В конечном счете место, отводимое порнографии, зависит от целей, которые мы ставим перед своим сознанием, своим опытом. Но цель, поставленная перед своим сознанием неким А, может ему напрочь разонравиться, если окажется ориентиром для Б, поскольку Б, по его мнению, недостаточно для нее просвещен, опытен или тонок. А Б огорошен и даже оскорблен, видя, как А присваивает облюбованные им цели: в чужих руках они выглядят напыщенно, а то и мелко. Скорее всего, это хроническое и взаимное принижение способностей соседа, — влияющее в конце концов и на иерархию способностей человеческого сознания в целом, — никогда не утихнет ко всеобщему удовлетворению. Да и возможно ли это, учитывая, как меняется уровень сознания от человека к человеку?

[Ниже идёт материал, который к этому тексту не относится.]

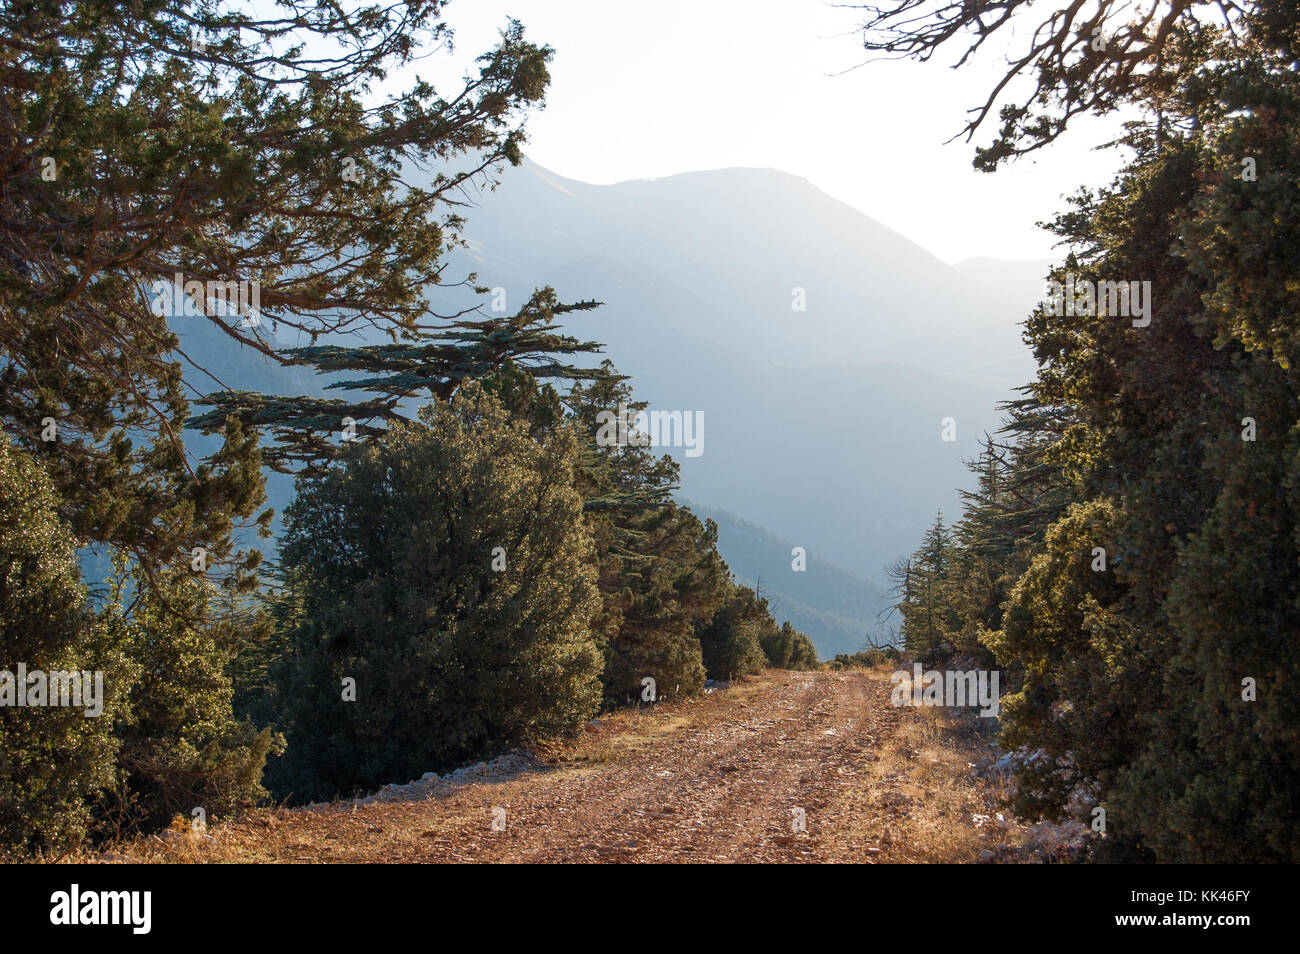 Dirt road in cedrus forest. Way to Elmali, Turkey region. Coniferous tree. Stock Photo

В эссе по интересующему меня здесь предмету Пол Гудмен несколько лет назад писал: «Вопрос не в том, порнография это или нет, а в том, какого уровня». Вот именно. Мысль Гудмена можно продолжить. Вопрос не в том, сознание и знание ли то или это, а в том, какого они уровня. Поэтому следующий вопрос — об уровне или степени тонкости самого человека, он же и самый неразрешимый. Можно, конечно, не без известного основания считать большинство членов нашего общества если не клинически умалишенными, то, по крайней мере, вчерашними или завтрашними пациентами психбольниц. Только кто станет себя вести в соответствии с этим знанием? Или жить с ним? Если множество людей колеблются на грани убийства, потери человеческого лица, сексуального сдвига или полного отчаяния и мы будем вести себя соответственно этому, тогда на повестке дня — такая цензура, о которой не мечтали даже самые фанатичные ненавистники порнографии. Потому что если дело обстоит именно так, то не только порнография, а любые формы серьезного искусства и серьезной науки — иначе говоря, все разновидности истины — вещь подозрительная и опасная.